You said somewhere on a Popular ’68 entry that a particularly bad Top 3 was Young Girl, B Goldsboro’s Honey, Eng Hump’s Man Without Love.
Good call on the Gaudio/Crewe prodn. I wonder if the latterday antipathy towards Young Girl would be eased if Frankie Valli was singing it, rather than the physically bigger sounding Puckett? He was often tortured inside a doomed relationship (the adulterer in Bye Bye Baby, the wronged serviceman in Toy Soldier, the boy from the right side of the tracks in Rag Doll). Or Del Shannon? I can’t think of an obvious lyrical precursor, bar Go Away Little Girl, but you wonder what’s behind the paranoia in Keep Searchin’ and Stranger In Town. Better to keep the mystery caged.
Not sure that the man and girl haven’t met, though – how does he know she’s younger than he initially thought? “Get out of here…” suggests the setting is the singer’s family home. The stricken sound in his voice is what lifts this away from the patronising, sickly Go Away Little Girl (and I write that as someone who can put up with a LOT of middling Goffin & King) in which the protagonist barely puts up any resistance.
Well, there’s “Only Sixteen” which is more in the irony olympics for “oh, I was 16, I’ve aged a year since then!”
(however, not “Just Thirteen” by The Lurkers, which was not about jailbait but the frustrations of not being old enough to get into gigs, etc, but got banned by the beeb just to be sure)
Remember the Regents’ “7Teen” – “… and not yet a woman”?!
There are a few girl group 45s from the other point of view (which puts me on thin ice, so I’ll tread carefully): Goffin and King’s Just A Little Girl by Donna Loren , and the campy Is Thirteen Too Young To Fall In Love by The Petites.
Best of all is Piccola Pupa’s awesome Put Two Extra Candles On My Cake (cos she’s only 14 and wants to go out with an older boy, you see), written by Neil Sedaka’s regular co-writer Howard Greenfield and Toni ‘Groovy Kind Of Love’ Wine, who must have been about 16 at the time.
Piccola also did a terrific version of Breakaway , which is much closer to Tracey Ullman’s cover than the Irma Thomas original.
#80, yes, and I know a story about that song, but it’s probably libellous so I’ll have to say no.

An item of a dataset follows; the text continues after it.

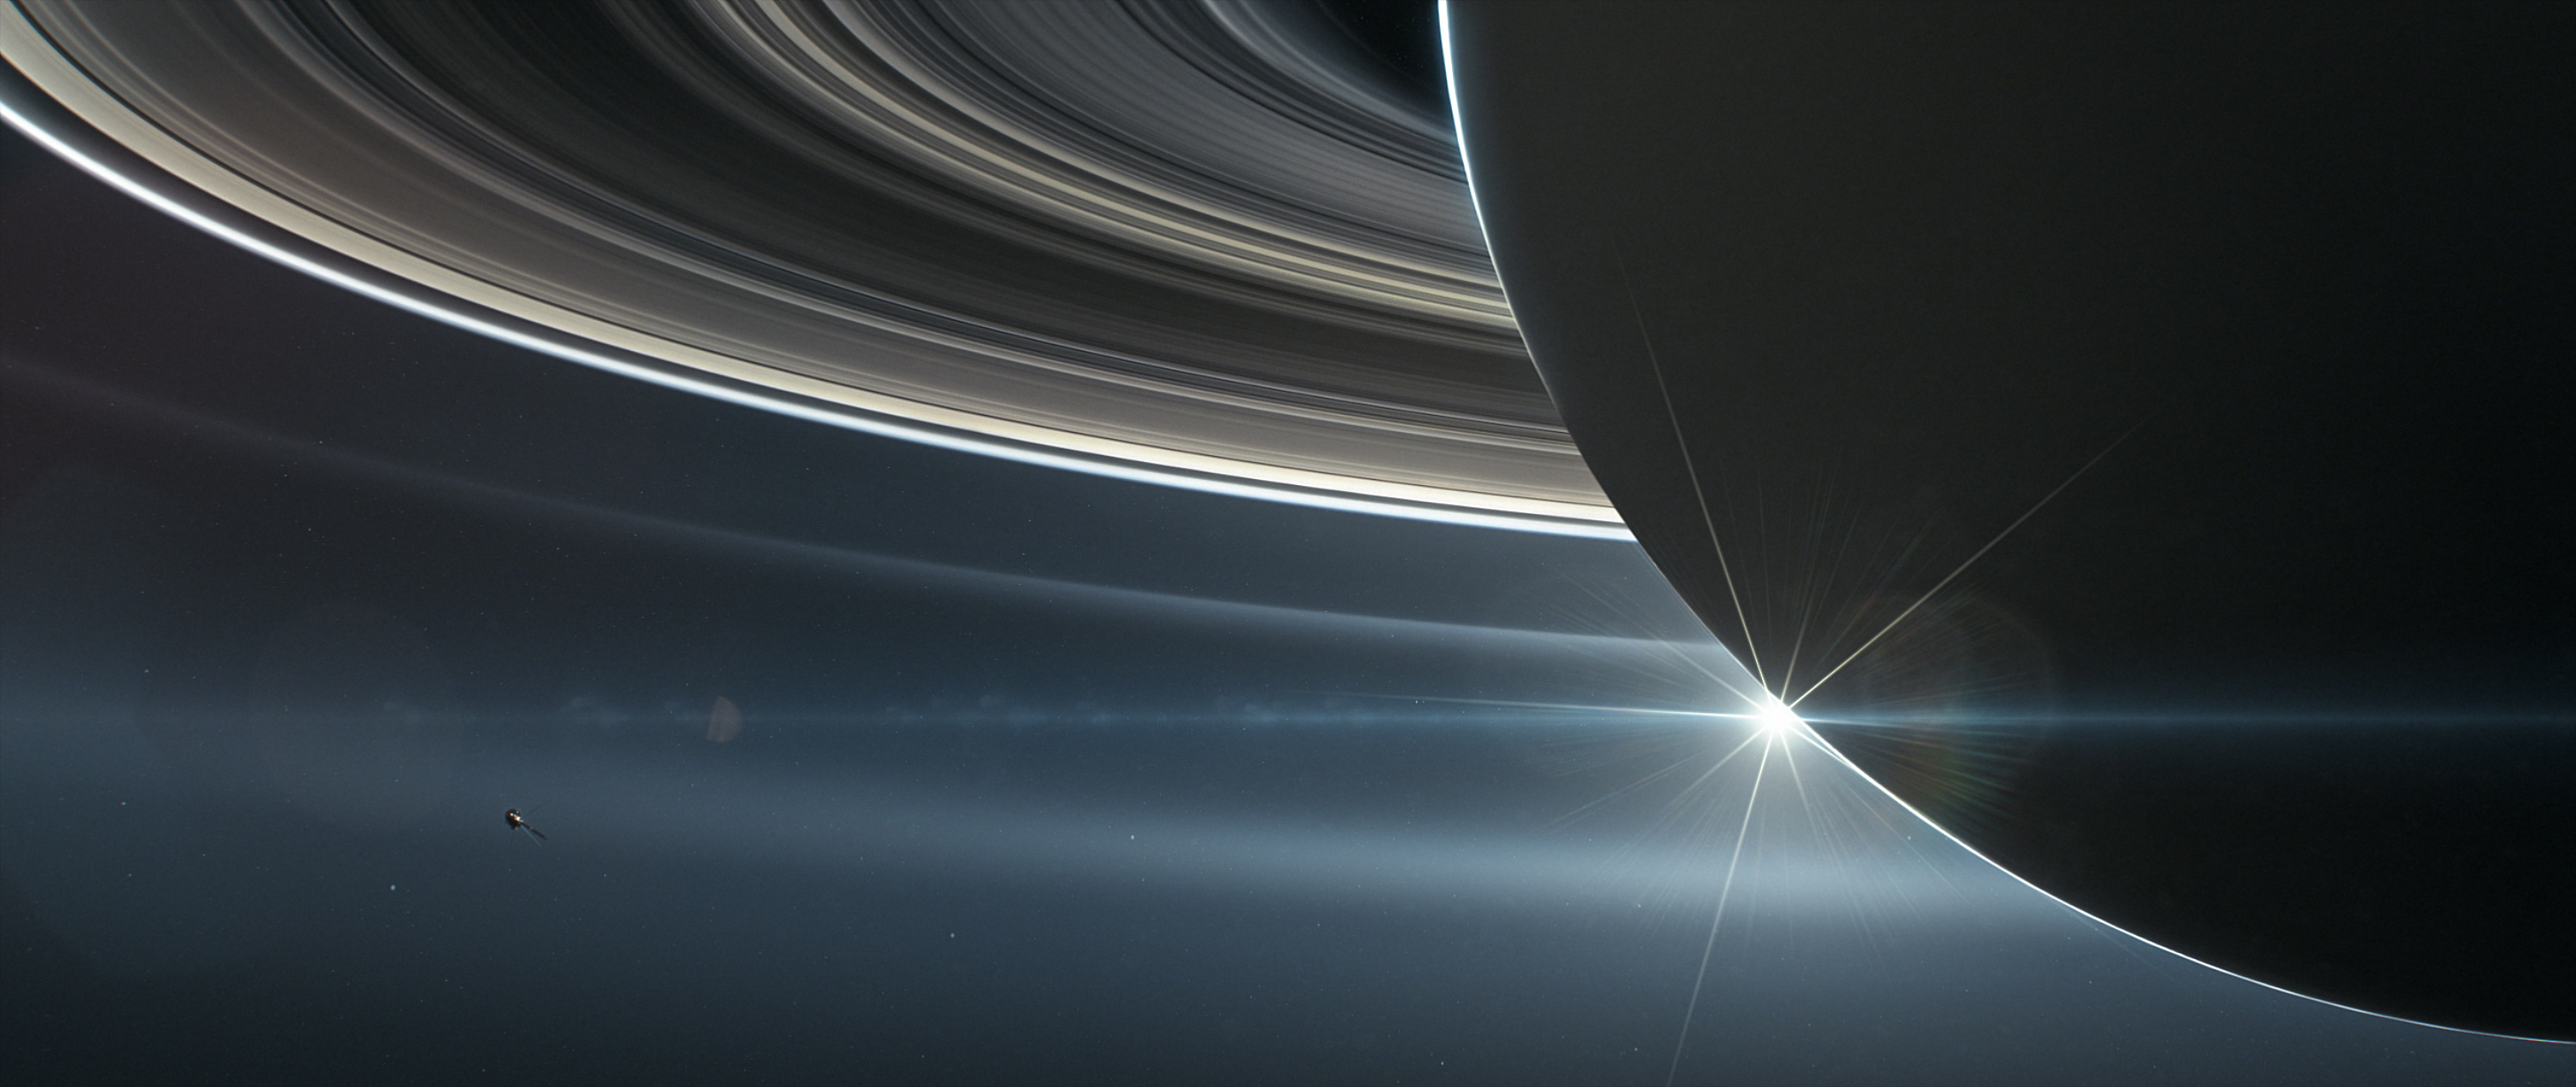 Anillos negros y dorados de Saturno captados por Cassini

#82 Ooh, is it anything to do with the band’s appearance on one of those short-lived Saturday morning’s kids’ TV shows? Gary Crowley was the presenter, and in his usual intensely irritating Cockney geezer style he did a quick interview with the lead singer. He asked (and even as he asked it I thought it was an odd question) “So how did you get the money together to do the record?” Singer (looking embarrassed): “Well, we did this, er, job in London.” Crowley: “Oh yeah, you’ve got a bit of a dodgy past aintcha?” And carried on with the show as though nothing had happened.
Googling “Gary Crowley” and “The Regents” brings up lots of references to him and the band both having a bust-up with Devo on a show called Fun Factory in 1980, so perhaps it was then.
@77 Methinks lines such as “And though you know that it’s wrong to be/ alone with me/ that come-on look is in your eyes” make it fairly plain that he’s directly involved with the girl. A similar ‘stalker’ theory has been postulated about “I’m Not in Love” (mischievously fuelled by Eric Stewart himself). In neither case does the suggestion stand up to scrutiny.
I’m not sure where the criticism of “stalker” lyrics of songs from another era is leading. Should the songs be banned or the offending passages edited out? Each age has its censorship – for example, in the 1950s the BBC would not play “religious” pop songs or songs that mentioned brand names. Certainly, not even the mildest swearing in songs would have been broadcast. At the same time, Cliff Richard’s Living Doll could go to no.1 containing the lines “I’m gonna lock her up in a trunk so no big hunk /Can steal her away from me”. Elvis Presley’s Dirty, Dirty Feeling has the verse:
I hear you’re pretty good at runnin’/ But pretty soon you’ll slip and fall/ That’s when I’ll drag you home with me girl /I’m gonna chain you to the wall.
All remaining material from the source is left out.